Голые, худые, с кожею, покрытою пупырышками (пеллагра!), шершавой, как наждачная бумага, а некоторые - с сильно отечными руками и ногами, стояли мы в очереди друг за дружкой перед молодцами в прическах, с сытыми мордами и в белоснежных халатах. Вот эти-то молодцы и выбирали в нашем большом этапе невест себе на потребу на неопределенный срок. А кстати, эти же молодцы проводили крупное мероприятие по обогащению самих себя, тут же на ходу: они выбирали из одежды мужчин и женщин такие вещи, которые у них не отняли еще раньше - кожаные пальто, меховые куртки, хорошую обувь, пледы, костюмы, нижнее белье хорошего качества и т.д. - все шло в обмен на хлебные пайки.

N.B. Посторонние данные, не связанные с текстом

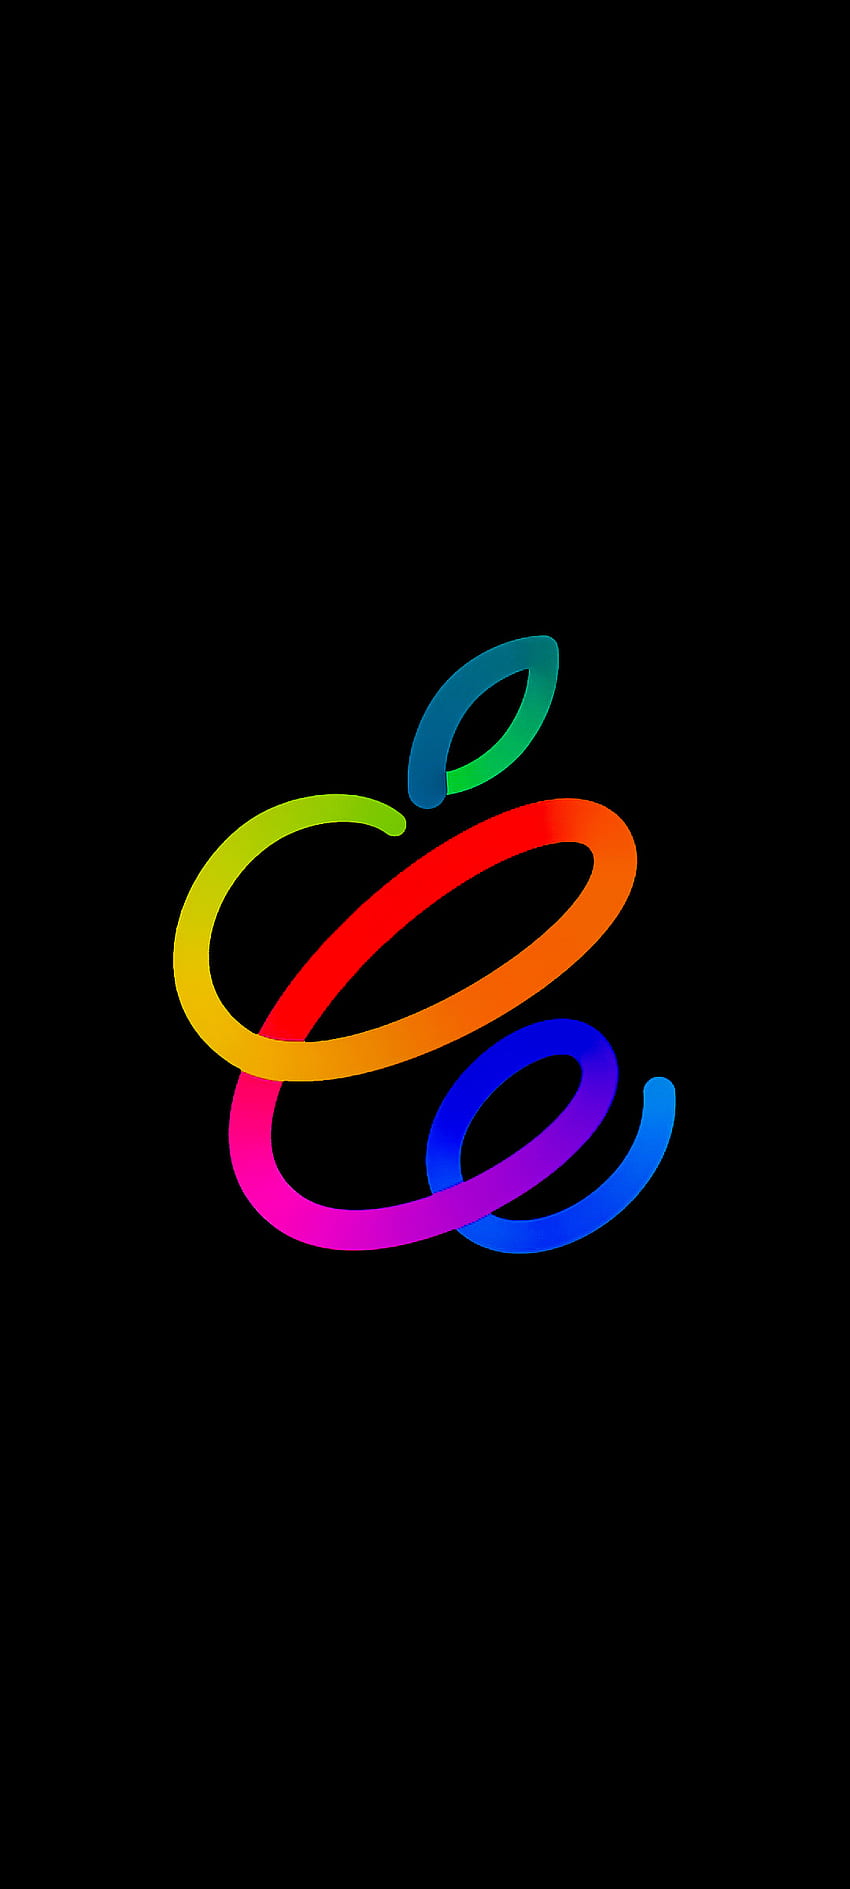 Apple Event Spring, negro, oled, tecnología, ios, amoled, diseño, oscuro, colorido fondo de pantalla del teléfono

Так хорошее кожаное пальто или дубленка отдавались за 15-20 паек хлеба. Хорошие вещи шли больше с прибалтов - латышей, эстонцев, финнов. С нас, русских, нечего было взять, кроме вшей и худых тел. Когда мы гуськом проходили в мыльню, то нам - на живот, на грудь или руку ловко прилипала жидковатая масса мыла, которую нам лепил с лопаточки специально поставленный здесь еще один в белом халате блатяк. Почему-то женщин в обслуге почти не было.
Ко всем нашим бедам, мы еще страдали от истощения деменсией, которая проявлялась в потере памяти, медленном соображении, в замедленных движениях, в тяготении к неподвижным позам, в особенности у мужчин. Тогда эти наши санитары-блатяки грубо кричали на нас, толкали и даже били.
В мыльне нам отпустили литра по три тепловатой воды и на этом все закончилось. В бане было холодно, так что мы старались скорей-скорей добраться до одежды.
И повели нас в карзону (карантинная зона) на три недели, в пустой барак с трехъярусными нарами. Барак этот, почти не отапливаемый, был наполовину в земле, по-видимому, из-за экономии топлива и стройматериалов. Крошечная печурка при входе получала с утра охапку соломы и все. Холодно! Измученные, обмороженные, плохо понимающие, где мы и что с нами происходит, мы забрались на нары, под нары и тесно прижимались телами друг к другу, чтобы согреться. Были у нас сильно обмороженные женщины - с пальцами рук, лицами - носы, щеки. Со мною рядом оказалась Люба Говейко - военврач, одетая по фронтовому - в шинели с оторванными погонами, в сапогах и шапке-ушанке. У нее были сильно обморожены щеки, но видя, что мер никаких предпринять нельзя, свернулась комочком и пыталась уснуть.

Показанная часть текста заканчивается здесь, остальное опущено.